WORK INSTRUCTIONS »
Among the entries below, only the lines from the one with "6_Serene Seaside Impression" through the one with "Swiftway荷兰独服@D" are wanted, reproduced exactly. Pictures are not wanted.

== DATA SHOWN ==

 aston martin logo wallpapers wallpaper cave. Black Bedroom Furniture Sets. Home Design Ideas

===
== DATA SHOWN ==

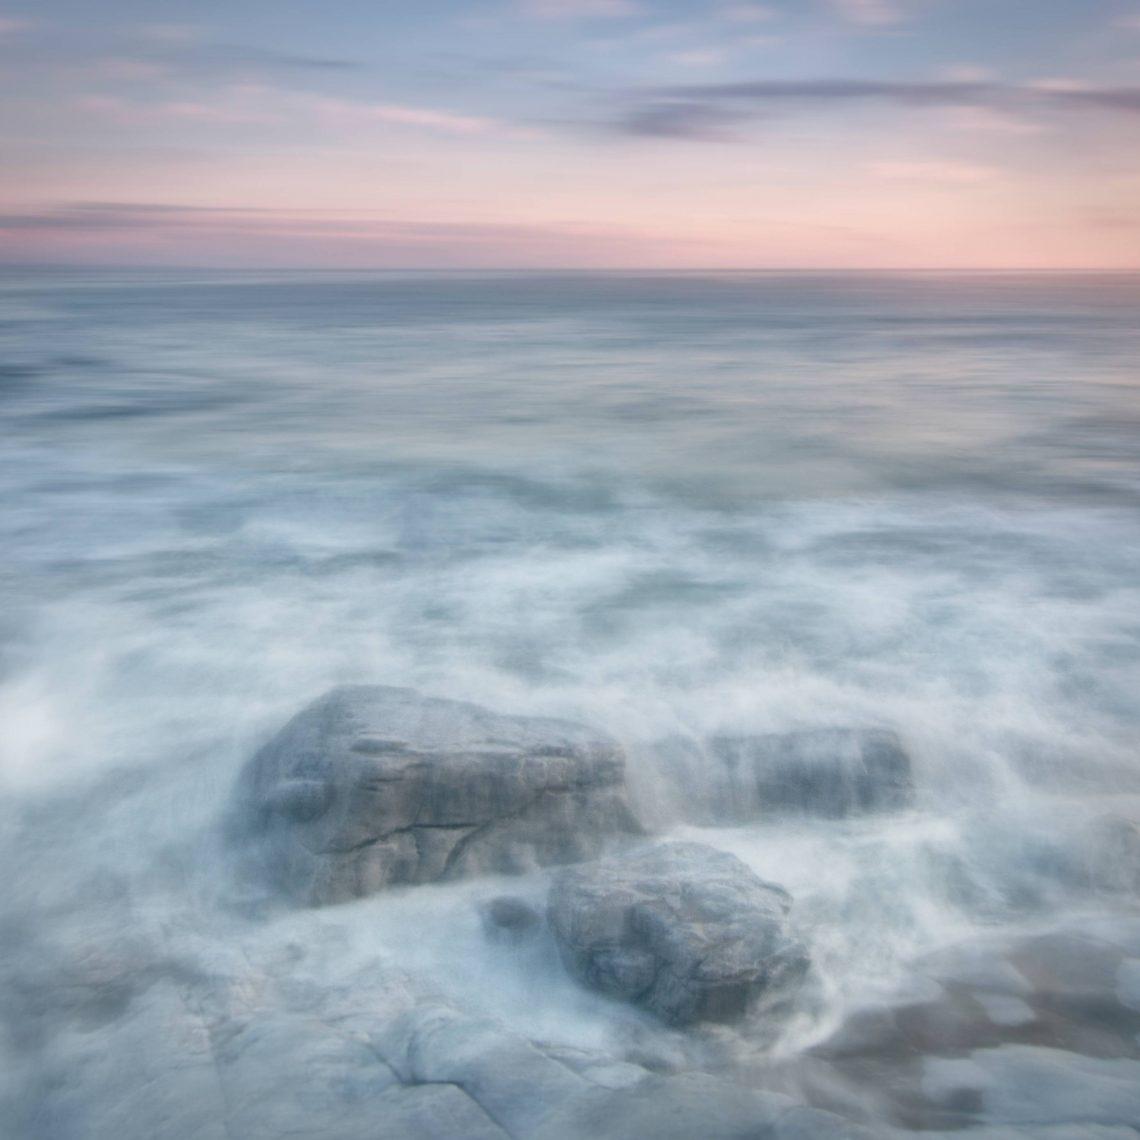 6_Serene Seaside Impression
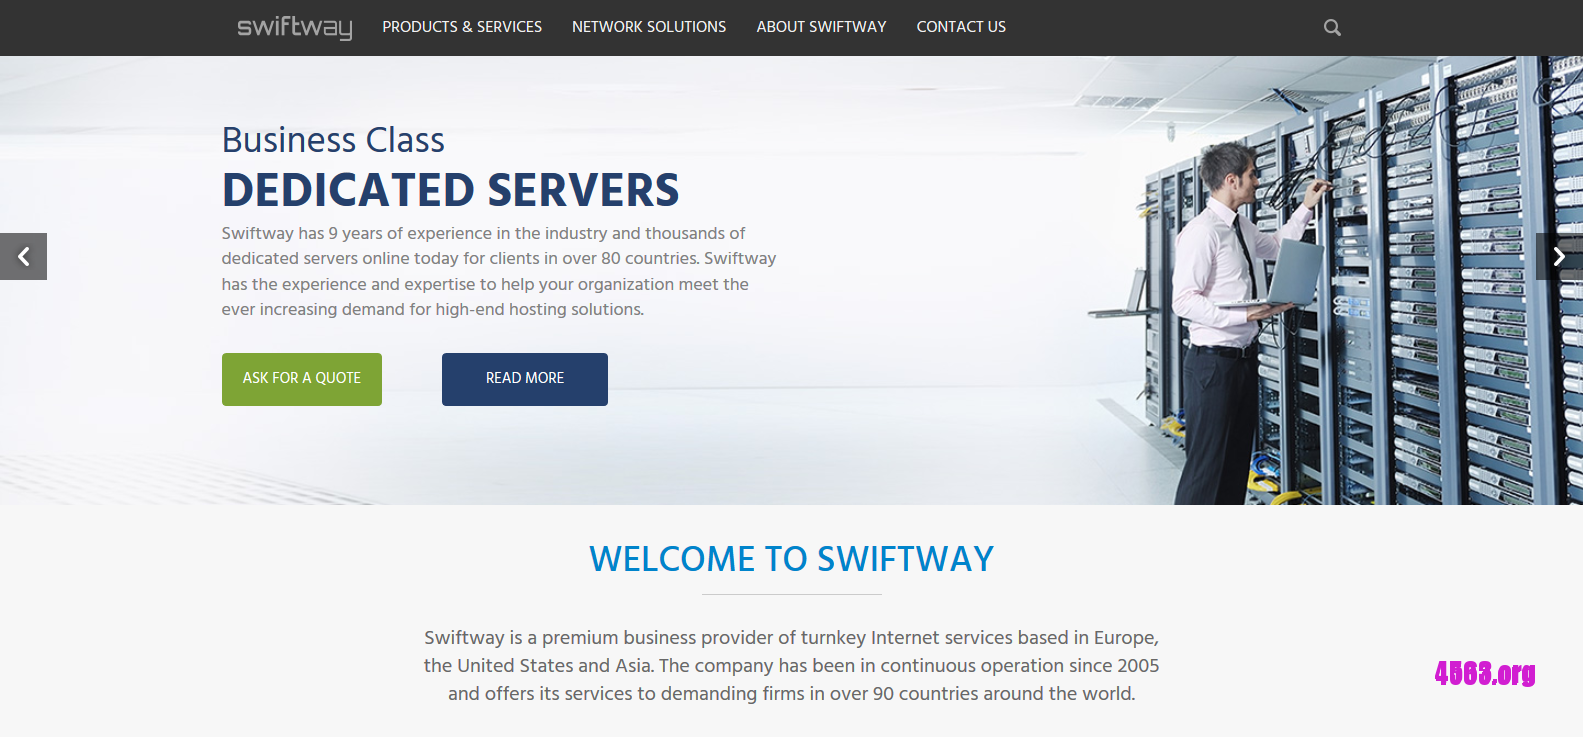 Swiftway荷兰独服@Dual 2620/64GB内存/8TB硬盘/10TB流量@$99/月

===

SOLUTION TO THE EXERCISE »
 6_Serene Seaside Impression
 Swiftway荷兰独服@Dual 2620/64GB内存/8TB硬盘/10TB流量@$99/月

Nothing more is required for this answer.